EXERCISE BRIEF: Please copy out the full listing that follows exactly; no picture belongs in the copy.
##### MATERIAL PROVIDED
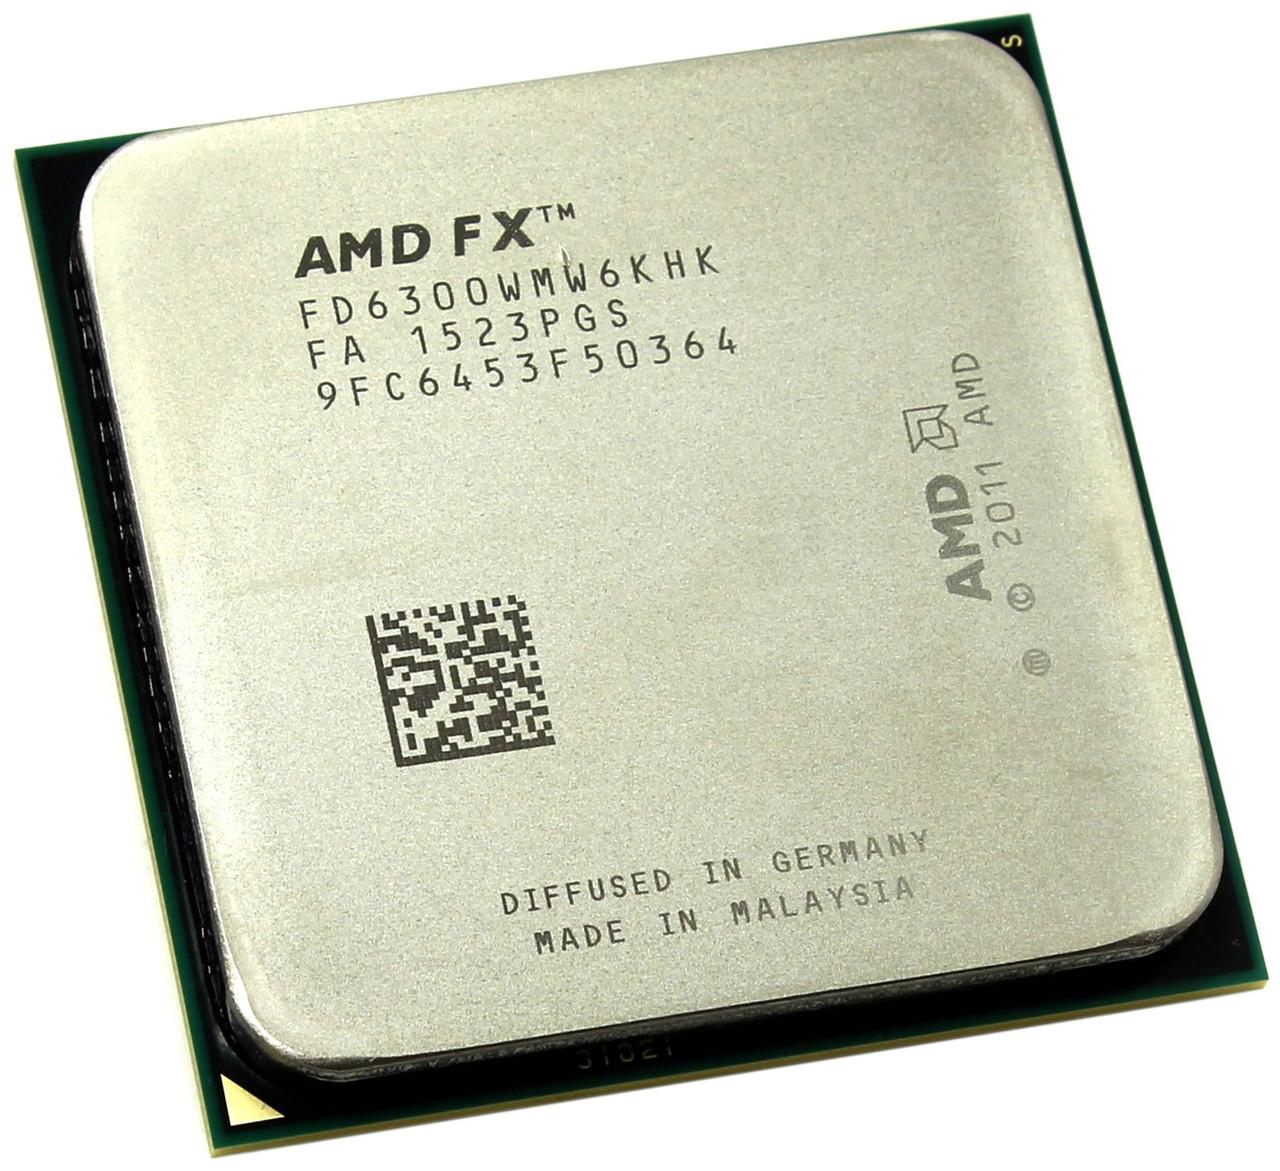 МОЩНЫЙ ИГРОВОЙ Процессор на 6 ЯДЕР ! sAM3+ AMD FX-6300 - 6 ЯДЕР по 3.5-4,1Ghz каждое ( FD6300WMW6KHK ) сГАРАНТ
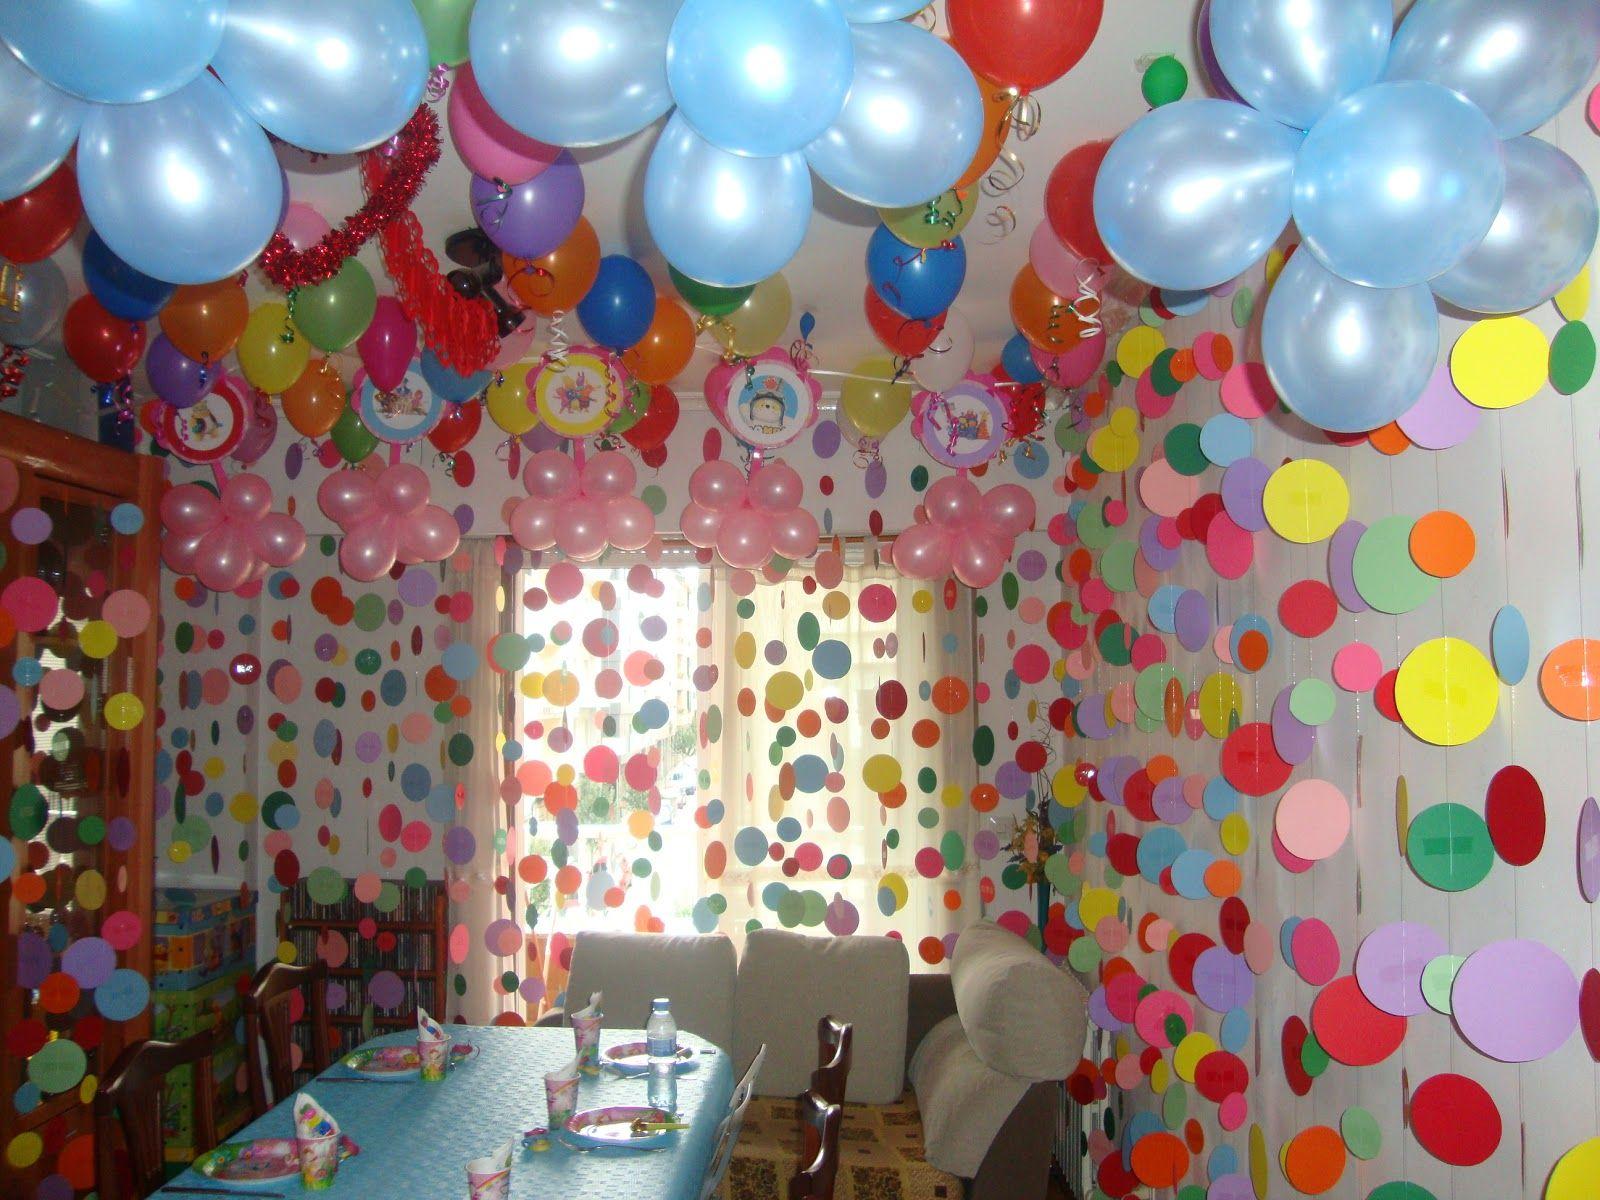 como decorar para un cumpleaos de nio buscar con google - Ideas Para Un Cumpleaos
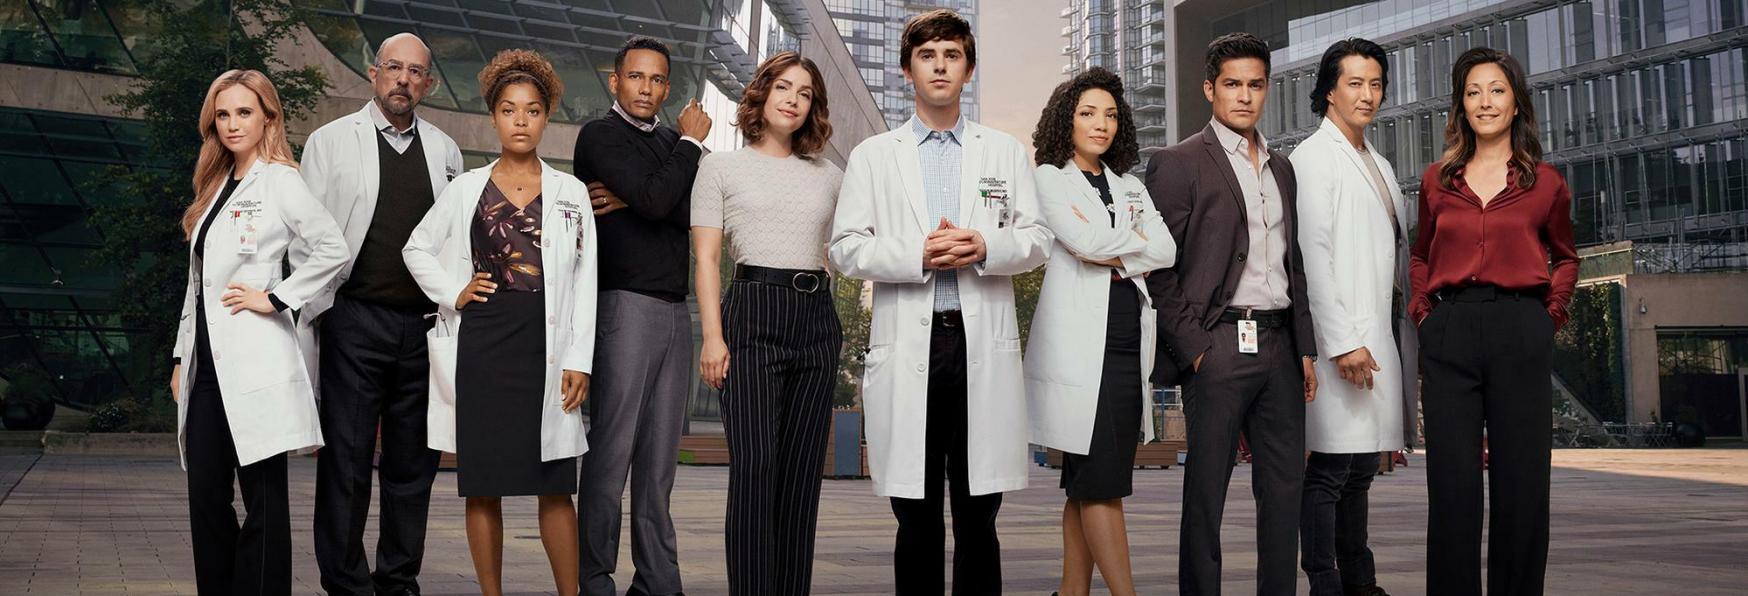 The Good Doctor 5: Trama, Cast, Curiosità, Data di Uscita e Trailer della Serie TV
##########
YOUR SOLUTION:
 МОЩНЫЙ ИГРОВОЙ Процессор на 6 ЯДЕР ! sAM3+ AMD FX-6300 - 6 ЯДЕР по 3.5-4,1Ghz каждое ( FD6300WMW6KHK ) сГАРАНТ
 como decorar para un cumpleaos de nio buscar con google - Ideas Para Un Cumpleaos
 The Good Doctor 5: Trama, Cast, Curiosità, Data di Uscita e Trailer della Serie TV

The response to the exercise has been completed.